Akhirnya, ia berharap pada “suatu malam musik” ketika ia dapat berhenti memburu dan akhirnya menyatu dengan “penghuni daerah hitam”, yakni wilayah sunyi, gelap, atau kedalaman jiwa.

Makna Tersirat

Secara tersirat, puisi ini menyampaikan beberapa lapisan makna:
  • Kritik terhadap dunia sosial yang dangkal. Ungkapan “tengkorak-tengkorak berkumpul dan bersenda” menggambarkan manusia yang hidup tanpa jiwa, sekadar kerangka kosong yang bergaul tanpa kedalaman. Penyair menolak dunia seperti itu.
  • Cinta sebagai pengalaman spiritual. Cinta dalam puisi ini tidak digambarkan sebagai relasi romantis biasa, melainkan sebagai perjalanan batin yang membutuhkan kesunyian, kedalaman, dan musik.
  • Musik sebagai simbol harmoni eksistensial. “Malam musik” dan “daerah lagu” melambangkan momen ketika jiwa menemukan keseimbangan. Musik di sini bukan sekadar bunyi, tetapi keadaan batin yang selaras.
  • Penerimaan keterasingan. Pada akhir puisi, penyair tidak lagi memburu; ia menerima keberadaannya bersama “penghuni daerah hitam”. Ini dapat dimaknai sebagai penerimaan diri dalam kesunyian atau bahkan kedekatan dengan kematian/ketiadaan secara eksistensial.
Puisi “Konsert” karya S.M. Ardan merupakan puisi reflektif yang menggambarkan keterasingan seorang pencinta yang menolak dunia ramai dan memilih kesunyian sebagai ruang pencarian makna.

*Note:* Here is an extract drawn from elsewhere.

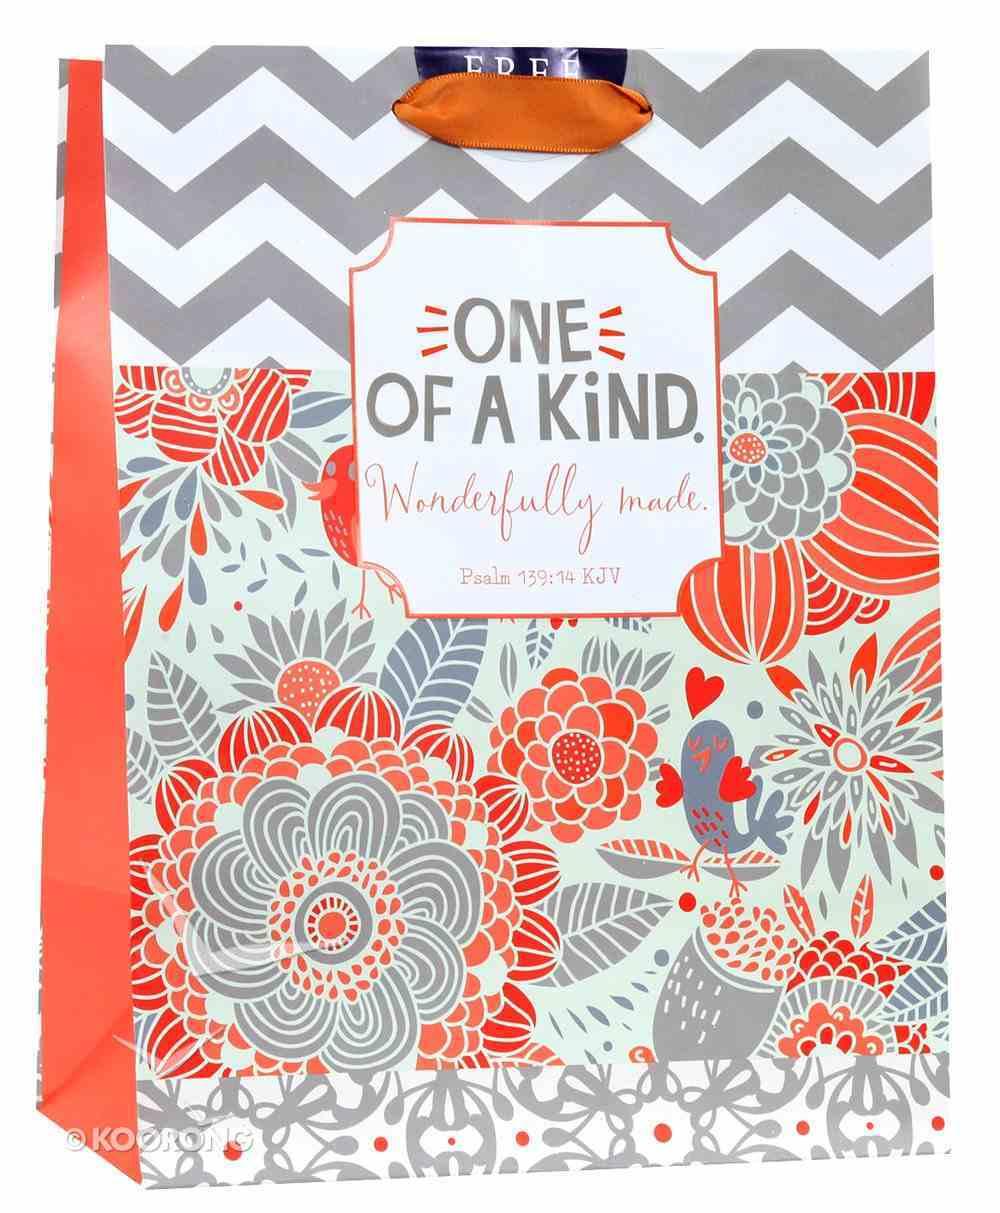 Gift Bag Medium: One of a Kind (Psalm 139:14 Kjv) Stationery

Melalui simbol musik, malam, dan wilayah gelap, penyair menghadirkan perjalanan batin menuju harmoni eksistensial.

Tema keterasingan, pencarian cinta spiritual, serta simbolisme musikal menjadikan puisi ini terasa kontemplatif dan mendalam. Puisi ini menunjukkan bahwa cinta, dalam pengertian terdalam, bukanlah pesta keramaian, melainkan pengalaman sunyi yang hanya dapat dipahami oleh jiwa yang bersedia menyelam ke dalam dirinya sendiri.

S.M. Ardan
Puisi: Konsert
Karya: S.M. Ardan

Biodata S.M. Ardan:
  • S.M. Ardan lahir pada tanggal 2 Februari 1932 di Medan, Sumatra Utara.
  • S.M. Ardan meninggal dunia pada tanggal 26 November 2006.